Между тем отряд двигался дальше: Байкал, реки Селенга и Хилок, озеро Иргень. Протопоп вместе со всеми тянул лямку. На Хилке Аввакум тонул, провизия протопопа погибла "до крохи", а одежда намокла, "все перегнило, наги стали". Зимовали в засеке, где Аввакум поставил свой "балаганец". Похоже, что рядом с нынешней Читой - на Читинском плотбище, - читая записки протопопа, решил Татищев.
Путь Аввакума на этом не кончался. Весной караван сплавлялся по рекам Ингода и Шилка к месту впадения реки Нерча, где возвели Нерчинский острог. Сплав проходил чрезвычайно тяжело. По словам Аввакума: "Лес гнали городовой и хоромной, есть стало нечева, люди стали мереть з голоду и от водяныя бродни.

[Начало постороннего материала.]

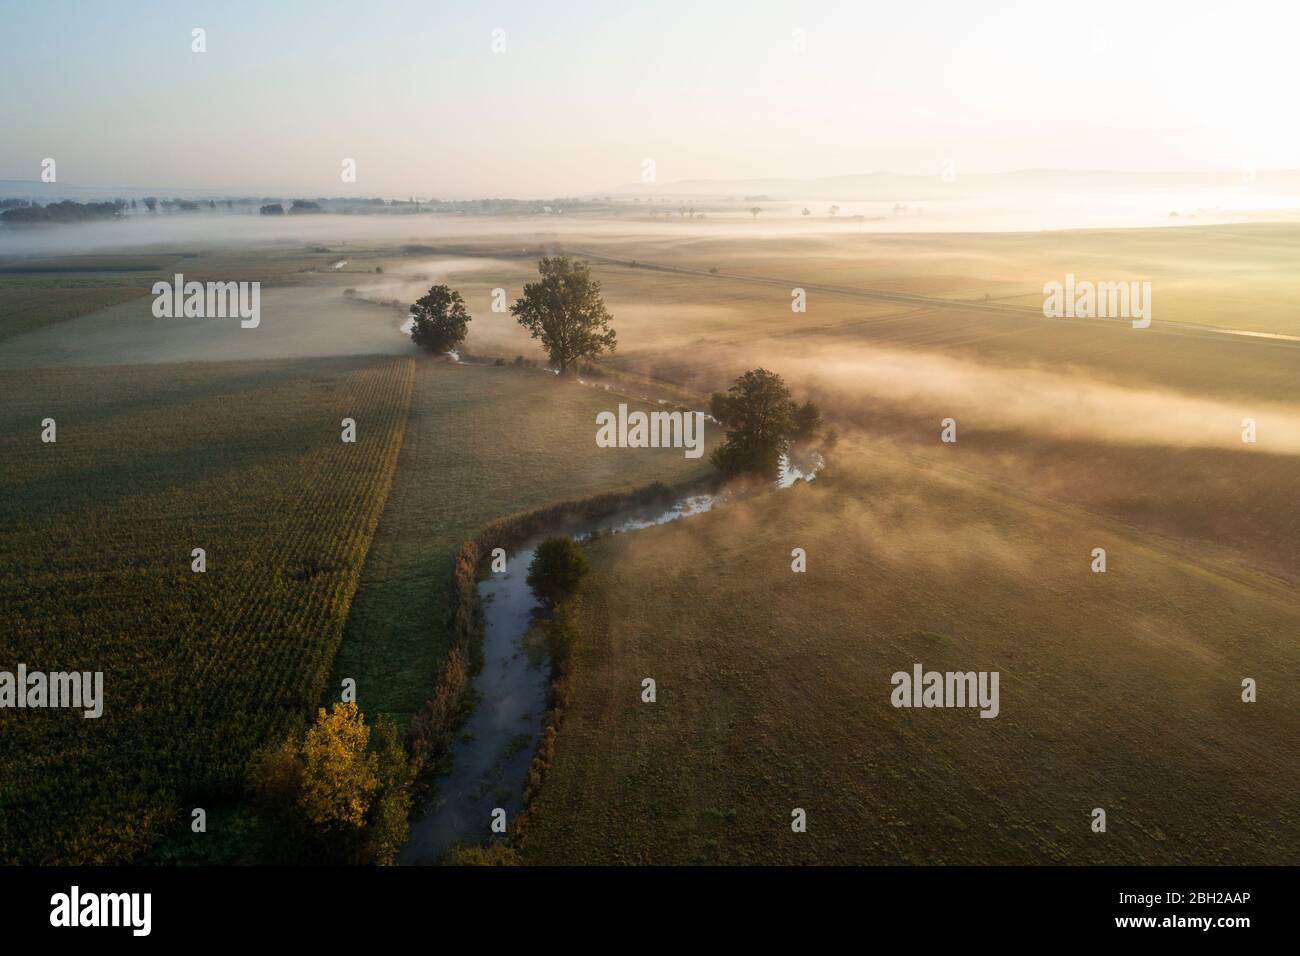 Germany, Bavaria, Drone view of river Aisch and surrounding countryside landscape at foggy sunrise Stock Photo

Река песчаная, засыпная. Плоты тяжелые, приставы немилостливые, палки большие, батоги суковатые, кнуты острые, пытки жестокие на дыбе да с прижиганием огнем. С весны по одному мешку солоду дано на десеть человек на все лето. Никуды на промысел не ходи. И вербы, бедной, в кашу ущипать" было нельзя, "за то палкой по лбу: "Не ходи, мужик, умри на работе". Протопоп променял воеводе чудом не сгнившую московскую женину однорядку стоимостью 25 рублей на четыре мешка ржи, и ею они с травою перебивались.
На реке Нерче в отряде начался массовый голод. Местное тунгусское население земледелием не занималось, рыба ловилась плохо. Люди вынуждены были есть траву, корни, зимой варить отвар из сосновых иголок, а также кобылятину и мясо недоеденных волками диких зверей.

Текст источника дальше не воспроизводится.